CHAPTER 59 The Coronary Circulation
Dietary and Pharmacologic Management of Atherosclerosis
Accumulating experience from epidemiology, research trials, and clinical practice indicates that it is possible to prevent atherosclerotic disease with a high expectation of success and also to achieve stabilization or regression of established disease in many if not most patients. Since 1980, mortality due to coronary heart disease has declined approximately 50% in the United States.1 This may be attributed to number of factors—lower plasma cholesterol, improved treatment of hypertension, reduced smoking rates, intensive care for acute ischemia, and intervention by bypass surgery and angioplasty. Over the past 2 decades, more than 30 large randomized medical intervention trials have focused on clinical outcomes in patients with established coronary heart disease or with various levels of risk. The ability to alter the course of atherosclerotic disease by medical intervention has been proven beyond doubt. In smaller studies, usually employing combination therapy, event reductions exceeding 50% were suggested. Despite this progress, medical regimens for prevention and treatment of atherosclerosis remain underutilized. Thus, atherosclerotic vascular disease, which currently accounts for approximately one fourth of all deaths in the United States, is likely to remain a dominant clinical concern for decades to come. A cooperative interdisciplinary approach involving primary care physicians, midlevel providers, dietitians, cardiologists, endocrinologists, and surgeons will achieve the best results for individual patients. Physicians and allied health providers from a variety of subspecialties and specialties have gained expertise in lipid disorders and are able to provide consultative services on difficult patients. In the United States, clinical lipidologists may be located through the National Lipid Association (http://www.lipid.org), and comparable societies are forming throughout the world.
ATHEROSCLEROSIS
Lesion Development
Fatty streaks are early atherosclerotic lesions that first appear normally in teenagers in the coronaries and the aorta (Fig. 59-1). These lesions do not disrupt the endothelial lining and have no clinical consequence in themselves. Histologically, fatty streaks are usually found to consist of lipid-filled macrophages with lesser numbers of lipid-bearing smooth muscle cells. The macrophages are derived from circulating monocytes that adhere to and migrate across arterial endothelium—an effect mediated by cellular adhesion molecules upregulated in states of hypercholesterolemia and inflammation.

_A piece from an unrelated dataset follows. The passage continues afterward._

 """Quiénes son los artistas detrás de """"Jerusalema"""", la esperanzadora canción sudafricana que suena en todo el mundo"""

Beginning at about age 20, especially in men, raised lesions are found in the proximal coronaries, in the iliac arteries, and in the carotid bulb. Progression of raised atherosclerosis extends from the iliac arteries proximally into the abdominal and later thoracic aorta, and distally toward the femoral arteries. The raised character of the lesions results from the proliferation of smooth muscle cells and macrophages, and from elaboration of large amounts of fibrous tissue, especially collagen. Raised lesions with an intact intimal surface are called fibrous plaques. The majority of raised lesions possess a lipid-rich, hypocellular or acellular core region. Early development of the lipid-rich core has also been described in flat aortic lesions resembling fatty streaks.2 This finding is compatible with the hypothesis that most fibrous plaques are derived from preexisting fatty streaks (see Fig. 59-1).

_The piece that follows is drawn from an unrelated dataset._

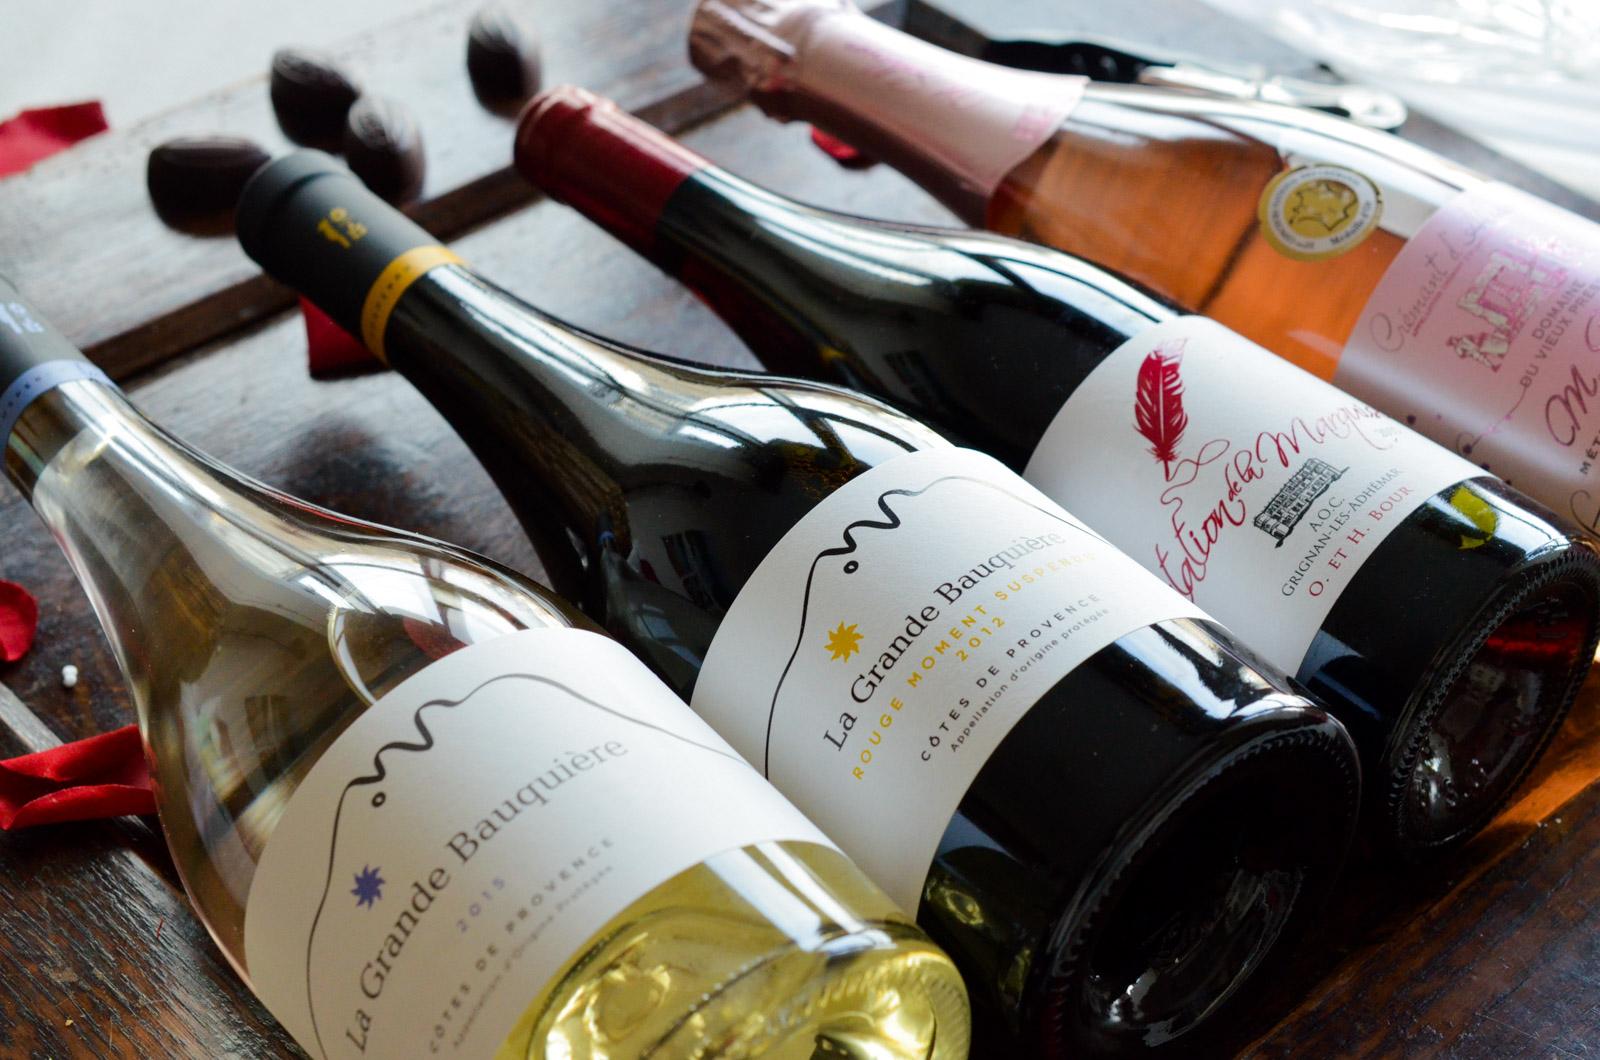 Vins Saint Valentin (2 Sur 2)

As the fibrous plaque enlarges and begins to impinge on the arterial lumen, a compensatory enlargement of the entire artery occurs. This is probably a result of the physiologic regulation of arterial lumen diameter in response to blood velocity and shear rate. However, the compensatory enlargement eventually fails, perhaps when the collagenous lesion extends circumferentially almost all the way around the artery, leaving little normal wall to respond to blood flow.3
The most hazardous component of the atherosclerotic lesion is the lipid-rich core, which expands and erodes the fibrous cap of the lesion with time. When the fibrous cap finally ruptures, blood dissects rapidly into the core, and the thrombogenic contents of the core erupt into the vessel lumen, causing partial or complete thrombosis of the artery within a few minutes.4
Opportunities for Lesion Regression and Stabilization
Atherosclerotic regression is often conceived of as a diminution in the size of an atherosclerotic lesion that results in decreased stenosis. Such regression may occur, but other, more readily achievable goals should also be considered (Fig. 59-2). For example, hypercholesterolemia can interfere with normal vasorelaxant function of endothelium, and decreases in low-density-lipid (LDL) cholesterol can normalize endothelial-dependent relaxation.5 The presence of macrophages in the fibrous cap of an atherosclerotic lesion predisposes the lesion to rupture.6 Lipid lowering can cause relatively rapid regression of foam cells, which appears to stabilize the fibrous cap, prevent rupture, and forestall atherothrombotic events.
LIPOPROTEIN METABOLISM
Lipoproteins and Apolipoproteins
Human plasma lipoproteins function to transport triglyceride and cholesterol/cholesteryl ester in plasma. They are spherical particles containing 100 to several million lipid molecules combined with one or more protein molecules. The oily core of lipoproteins is composed of triglycerides and cholesteryl esters, and lipoprotein classification is based on which of these species is predominant (Table 59-1).7–10 The surface layer of lipoproteins is composed of phospholipids, free (unesterified) cholesterol, and protein.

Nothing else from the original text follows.